Sydneysiders are being advised to stay indoors as a blanket of bushfire smoke smothers the city, with the air quality average rated as "very poor".



Sydney's air quality has fallen to levels worse than parts of Beijing, as a blanket of smoke covering the city prompted a spike in ambulance call-outs for respiratory issues.

The hovering smoke was caused by hazard reduction burns carried out around Sydney at the weekend, with NSW Fire & Rescue saying the air is not expected to completely clear until Wednesday.


NSW health authorities issued warnings that people with respiratory conditions, and the young and elderly, stay indoors on Tuesday.


According to the state's official air quality index, parts of Sydney's north west and south west recorded "hazardous" levels of air quality.


The city as a whole was given a "very poor" rating.

On a wider scale, the World Air Quality Index rated Sydney's air quality as 164, while inner Beijing is listed as an "unhealthy" 152.


Air pollution in Beijing is generally better during the northern hemisphere summer months.

By late afternoon, paramedics had treated more than 60 people with asthma or breathing difficulties across Sydney.


Almost a third of the cases related to young children, NSW Ambulance said.

"Paediatric cases don't normally make up one-third of our workload on a daily basis," Inspector Giles Buchanan said.


"Our advice at this stage is if you can stay inside and out of the haze covering Sydney you are best to do so."


Paramedics have been called out to more than 80 cases across the state.

The elderly, the very young and those with respiratory conditions are being urged to take precautions as the air quality impact is three or more times the national standard, NSW Health said on Tuesday.


"But also those without respiratory conditions should take precautions, (they) should stay inside, and avoiding vigorous exercise is really important on a day like today," Dr Ben Scalley told reporters.

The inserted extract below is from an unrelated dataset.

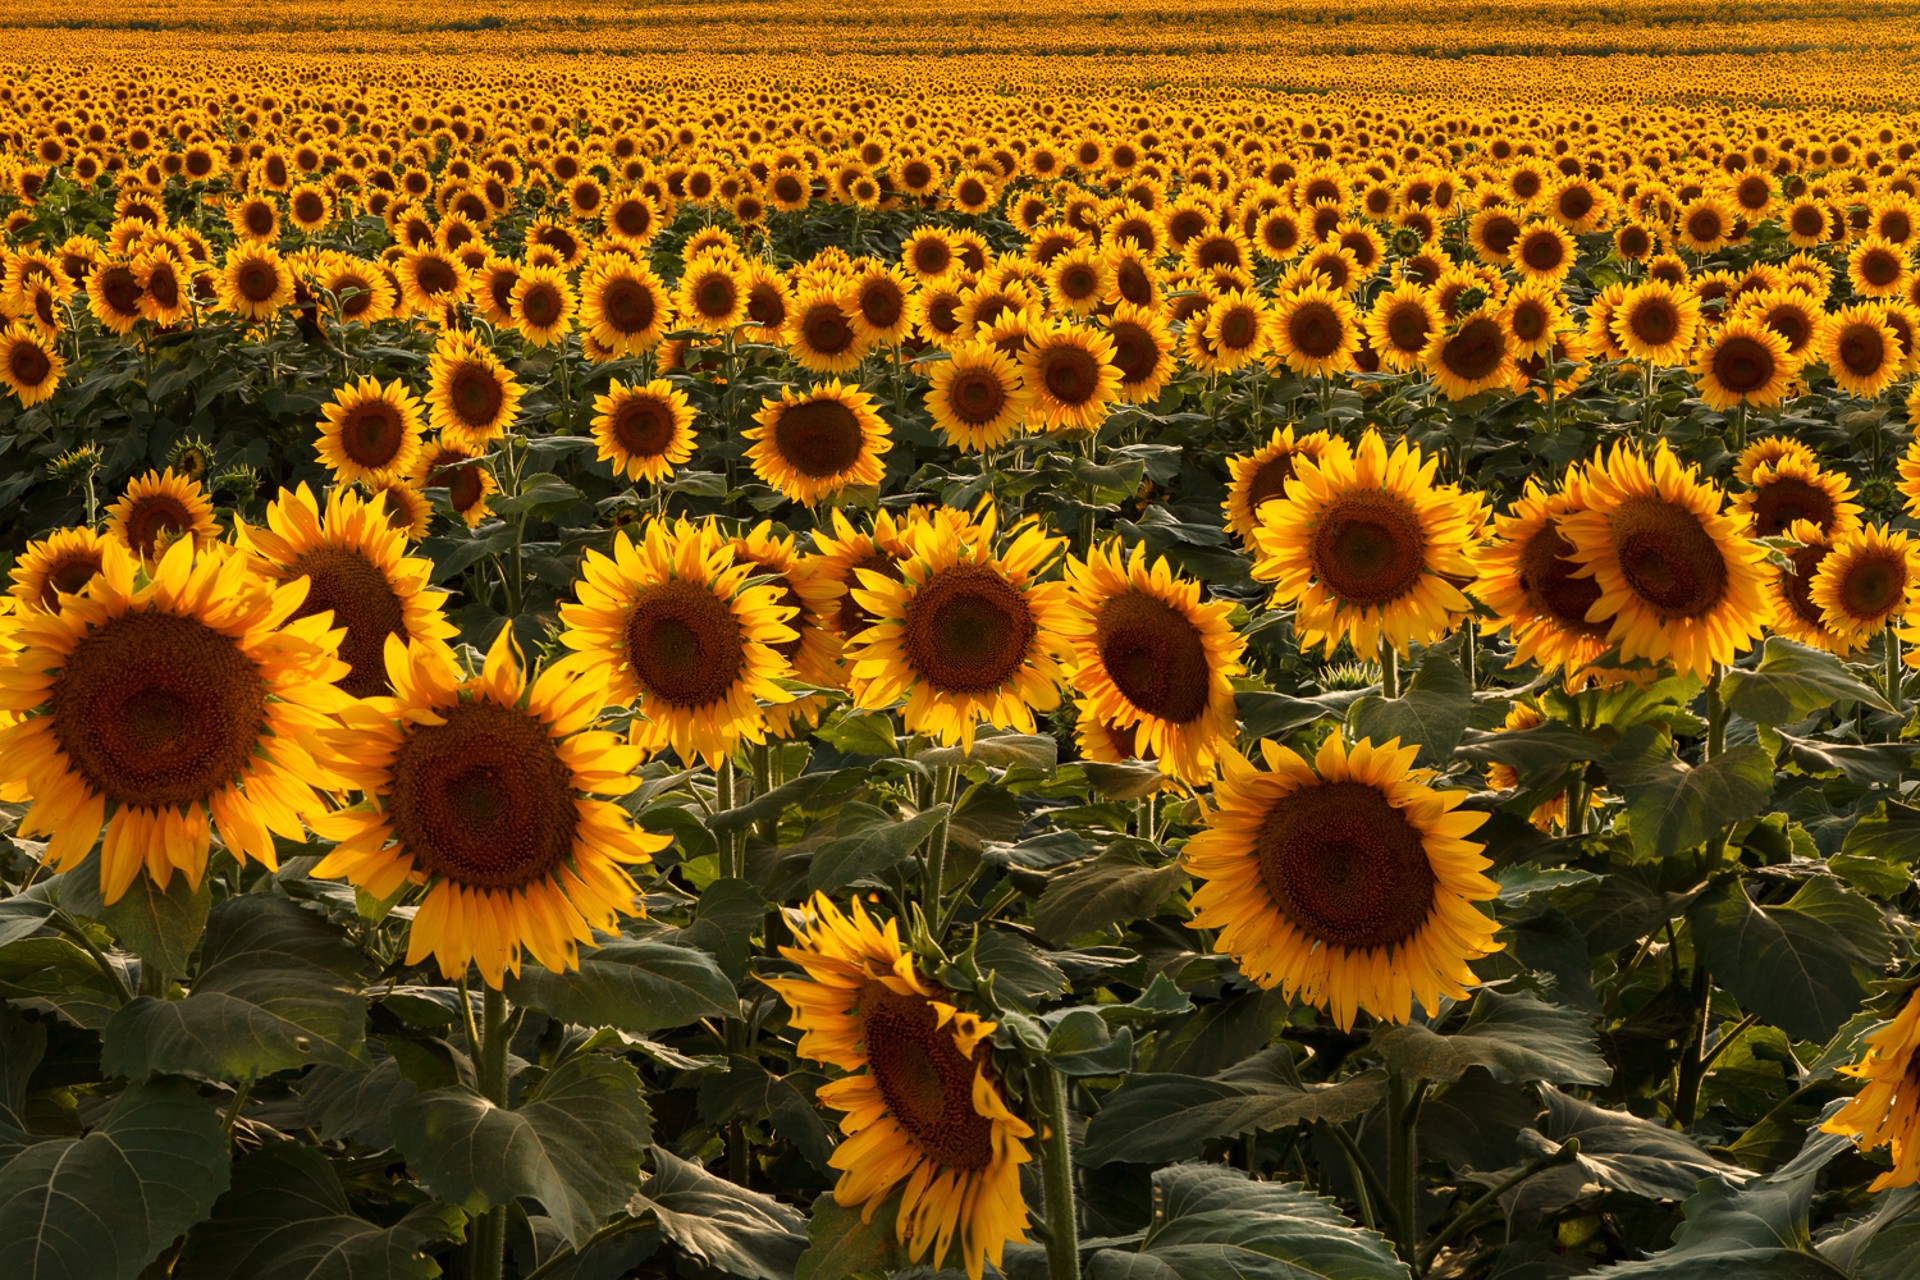 Just Sunflowers by Scott Bean

"There are lots of large particles in the air but it is the ones you can't see that have the worst impact."


NSW Rural Fire Service spokesman Ben Shepherd said more smaller burns are scheduled for later this week but these fires are not expected to impact the city's air quality.

"They will be weather-dependent looking at the rain ahead but they are smaller burns, at around six hectares in size," he told AAP.


The air quality is forecast to be "poor" on Wednesday, according to authorities.